Legend of the Mountain
aka 山中传奇 | Taiwan | 1979 | Un film de King Hu | Avec Shih Chun, Hsu Feng, Sylvia Chang, Tien Feng, Ng Ming-choi, Tung Lam, Rainbow Hsu, Wu Jia-xiang
Legend of the Mountain

Om mani padme hum. [1]

Un érudit démuni, Ho, est recruté par un temple pour recopier et corriger un sutra bouddhiste. Les moines se sont arrangés pour qu’il soit logé au calme dans un ancien fort où réside Monsieur Tsui, un ami du supérieur. Au cours de sa longue marche sylvestre pour rejoindre ce lieu, il s’assoupit dans un pavillon au bord du chemin. Après avoir repris sa route, Ho remarque un moine taoïste empruntant la même direction, mais aussi une jeune femme jouant de la flûte, qui se volatilise mystérieusement à son approche. Il passe sa première soirée en compagnie de Monsieur Tsui, de l’intendante de l’ancien général du fort et de sa fille, Melody. Ensorcelé par le tambour de cette dernière, il se réveille le lendemain sans souvenir de la soirée. Mauvaise surprise : il lui aurait déclaré sa flamme et se trouve dans l’obligation de l’épouser. L’érudit ne s’apercevra qu’il est entouré d’esprits qu’au moment où il s’apprête à achever son travail. Le sutra est l’objet de leur convoitise car il leur permettra de se réincarner.

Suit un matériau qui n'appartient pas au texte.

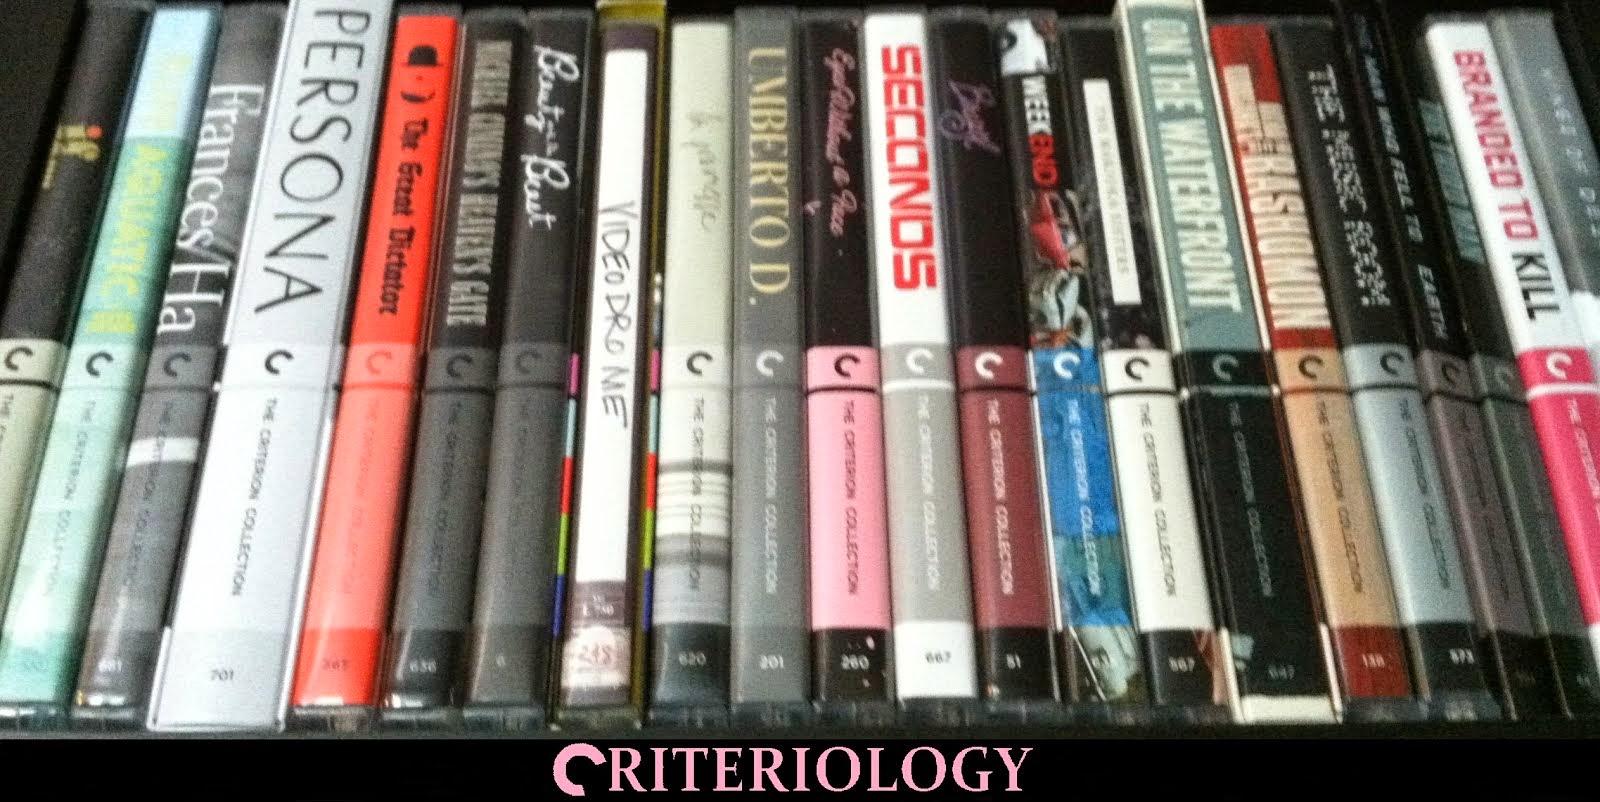 CRITERIOLOGY

Cette histoire vous rappelle quelque chose ? Et pour cause ! Tsui Hark s’en est inspiré pour sa production Histoires de fantômes chinois. Le réalisateur hongkongais est par certains côtés le fils spirituel de King Hu. Tous les deux rendent hommage, en homme de leur époque, à la culture chinoise et ont renouvelé le genre du Wu Xia Pian. Tsui Hark récidivera plus tard en produisant (et sans doute réalisant) L’auberge du dragon, remake d’un autre film du maître, Dragon Inn. Entre temps, leur essai de collaboration sur The Swordsman échouera.

Avec 190 minutes au chronomètre, le film présenté à la cinémathèque était la version director’s cut. Legend of the Mountain est malheureusement allongé et alourdi par un flash-back narrant par le menu le sort des futurs fantômes. Il casse la dynamique du film alors que je me laissais porter par son ambiance et les péripéties connues par Ho, même si elles peuvent paraître naïves. Le film rebondit ensuite lors du violent affrontement entre le moine taoïste et la revenante, illustré avec force d’effets pyrotechniques.

Si King Hu est célèbre pour son cycle sur les tavernes (L’hirondelle d’or, Dragon Inn, Anger et L’auberge du printemps), réalisations dans lesquelles l’essentiel de l’action se joue à huis clos, il l’est également par l’atmosphère élégiaque de ses films.

L’amorce de Legend of the Mountain est très contemplative. King Hu montre de saisissants paysages naturels inspirés clairement des peintures chinoises classiques : hauteurs baignées dans la brume, très haute chute d’eau... La nature est montrée dans ce qu’elle a de plus paradisiaque, de plus harmonieux. L’association avec Terence Malick, dont les films baignent dans une philosophie panthéiste, m’a paru évidente.

Un film sur l’illusion

Le lettré pourra sembler bien crédule de vivre sans s’en douter parmi des fantômes. Cependant, sans dévoiler un passage discret mais clé du film, le spectateur l’est tout autant. De même que Ho, il ne découvrira la supercherie qu’à la fin. Dans ce film qui tourne autour du Bouddhisme [2], avec sa soutra aux pouvoirs extraordinaires, King Hu établit un parallèle entre cette religion et le cinéma, qui a lui aussi l’illusion comme principe fondateur.

Le cinématographe, comme il est appelé est au moment de sa création, est alors un art forain comme Martin Scorcese l’a rappelé avec Hugo Cabret, son film-déclaration d’amour au cinéma. Il y met en scène Georges Méliès qui avant de devenir un cinéaste était un illusionniste. Son génie est d’avoir compris tout le parti qu’il pourrait tirer de cette formidable machine à rêves.

Kizushii, le 29.02.2012 | Taiwan

Legend of the Mountain a été projeté à la Cinémathèque Française dans le cadre de la rétrospective King Hu, qui s’est y tenue du 8 au 27 février 2012.

[1] Mantra bouddhique qui confère une protection contre toutes sortes d’influences négatives.

[2] Un des grands principes de cette philosophie est que le monde humain, les choses, les pensées que nous tenons pour réels sont dénués de véritable existence et constituent de pures illusions.